Pierre Antoine Marie Crozy (1831-1903) [also called Crozy aîné—French for "elder"] was a nineteenth-century French rose breeder. He was a partner in the French firm, Avoux & Crozy, La Guillotière, Lyon, actively breeding roses from the 1850s to 1860s. From the early 1860s until his death in 1903 he was also hybridising Canna species, and introduced many hundreds of new cultivars.

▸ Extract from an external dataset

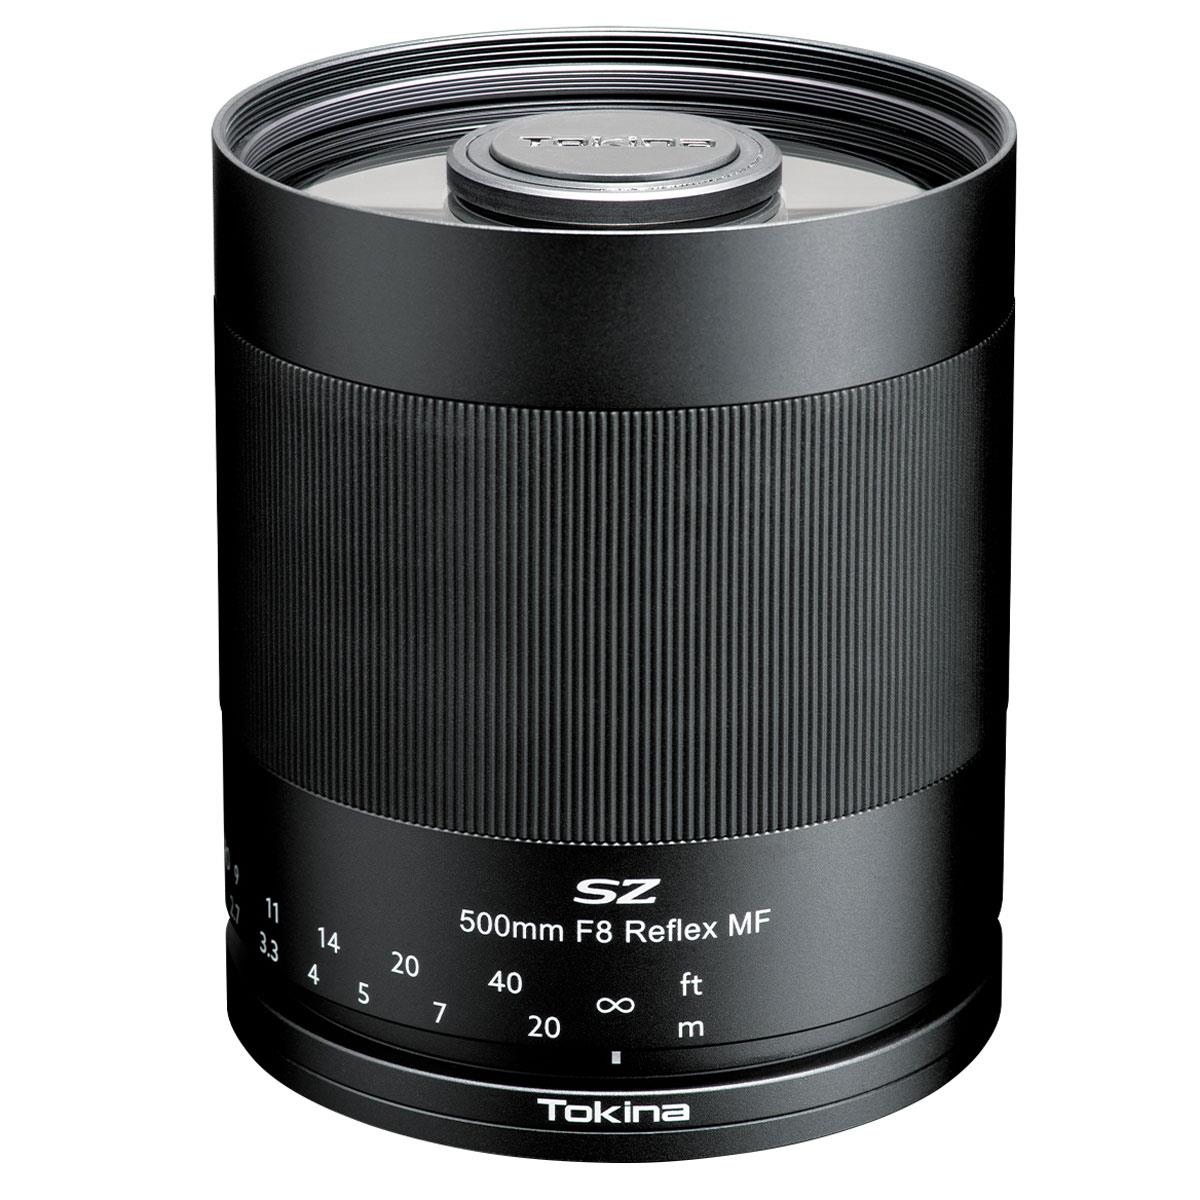 Image of Tokina SZ 500mm f/8 Reflex MF Lens for Canon EF

The largest Canna Group today is still called the Crozy Group, and many of those cultivars are still being raised.

The most famous of the cultivars introduced by Crozy was Canna 'Madame Crozy', and this was later used by both Carl Sprenger in Italy and Luther Burbank in California to cross with the species Canna flaccida to produce the first of the Italian Group Cannas.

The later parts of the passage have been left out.